Noviembre de primavera en Mendoza. ¿Cómo explicar con inermes palabras los verdes, los colores, las aves cantando por doquier, disfrutando los primeros calores anunciando el verano ya próximo?. «Mendoza está hermosa», me habían dicho.
La última vez que estuve en Mendoza fue en un viaje de verano, en la época de la vendimia, con mis padres. Seguramente tendría cinco o seis años. Aún recuerdo la belleza de esos álamos, de esos viñedos, de esos frutales. De las rutas corriendo por un túnel de árboles. Aún recuerdo el Atuel, el Tunuyán, el Diamante… esos ríos de aguas frescas nacidos en las cumbres de los Andes y que me habían acompañado como un sueño en mis recuerdos de infancia.

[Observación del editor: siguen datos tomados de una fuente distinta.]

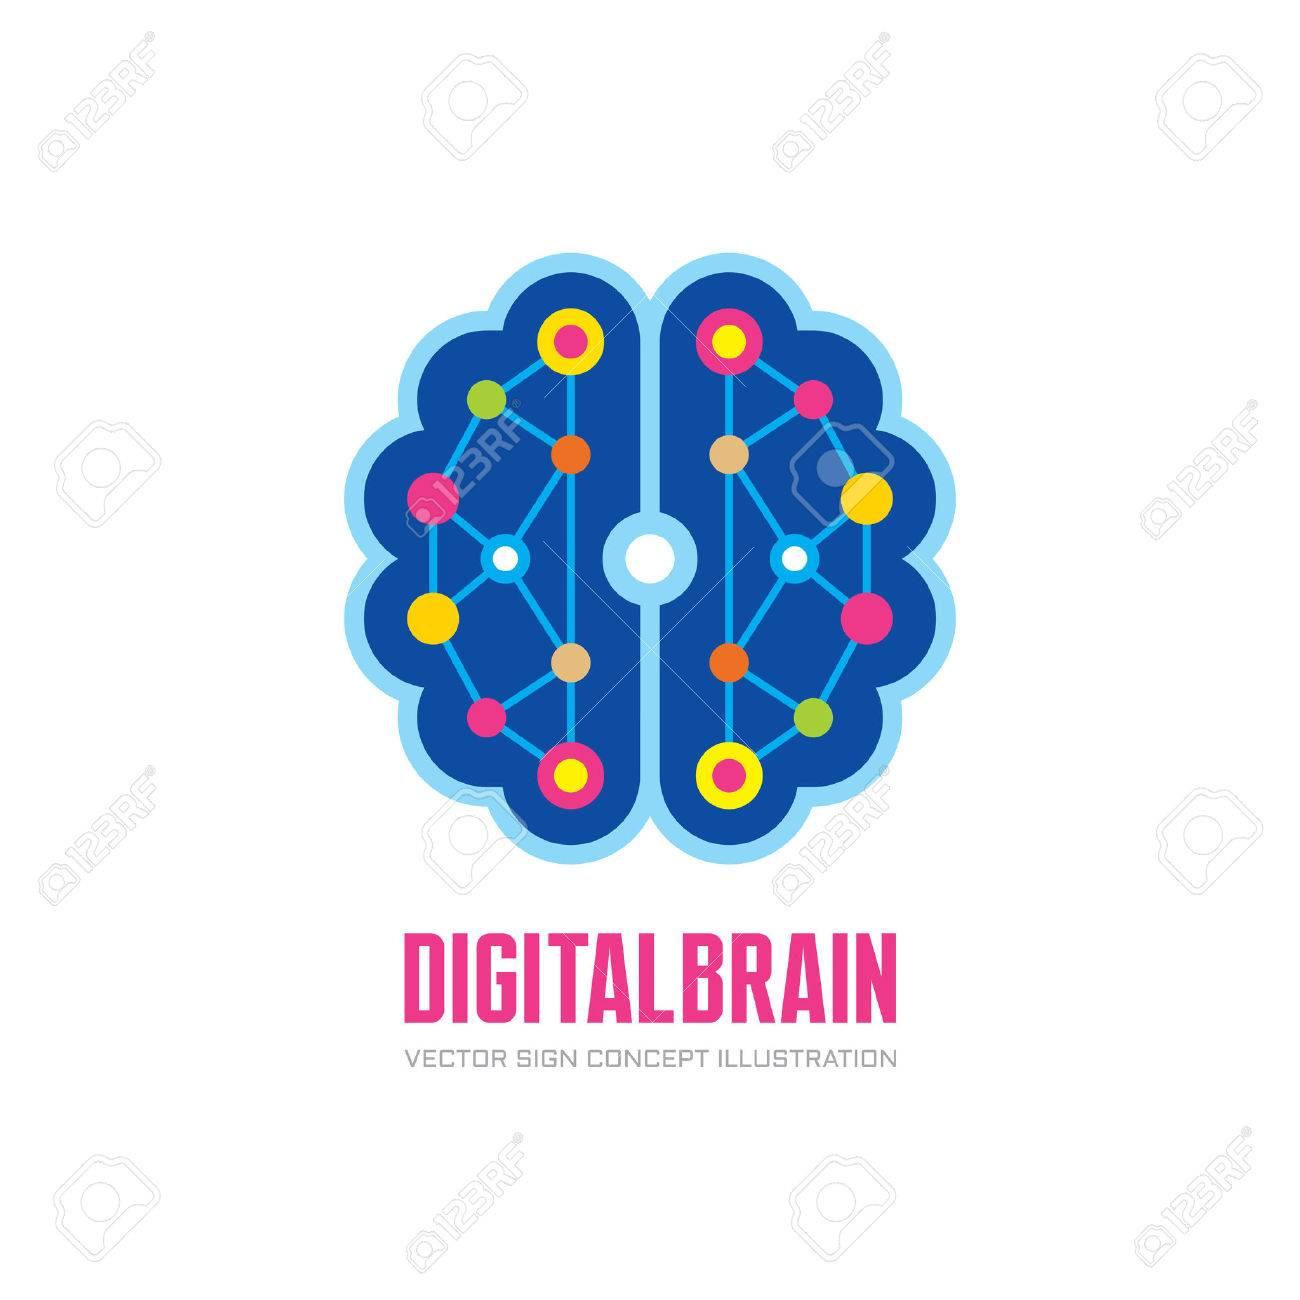 Vector De La Insignia Ilustración Del Concepto En El Diseño De Estilo Plano Cerebro Humano Digital Mente Insignia De La Muestra Tecnología De

Pero admito que nuevamente quedé maravillado, embelesado con esos paisajes. Con las montañas como fondo perfecto de los viñedos. De las fincas que por doquier producen algunos de los mejores vinos del mundo.
La ciudad capital, homónima, turística, me dejó un sabor a ser extranjero en mi propio país. Calles limpias, ordenadas, de pujante actividad comercial y turística. Bellísimas plazas de fuentes danzantes, y paseos, y parques. Los jacarandaes florecidos cubriendo de terciopelo violáceo su sombra. Poéticas visiones de ensueño por donde uno desee fijar la vista.
Si uno viaja en auto verá en la ruta, cada tantos kilómetros, carteles que informan teléfonos útiles. Existe una buena señalización en general, y un puesto de información turística o Gendarmería pueden informar, prácticamente en cualquier localidad, del estado de rutas y caminos.
La sequía que afecta desde hace un tiempo la zona de Cuyo no me permitió disfrutar nuevamente de esos ríos de ensueño infantil que cruzamos varias veces. Pero el río Mendoza, camino a Uspallata me mostró la velocidad de su corriente.
Jalonadas a sus orillas, se pueden encontrar varias empresas que se dedican a llevar a los turistas en supuestas riesgosas aventuras de rafting por sus aguas. Pero lo que verdaderamente quita el aliento es escuchar en el silencio de un atardecer, con los últimos rayos de sol coloreando la punta de los cerros, el fluir rápido entre las piedras de esas aguas heladas bajando de las montañas.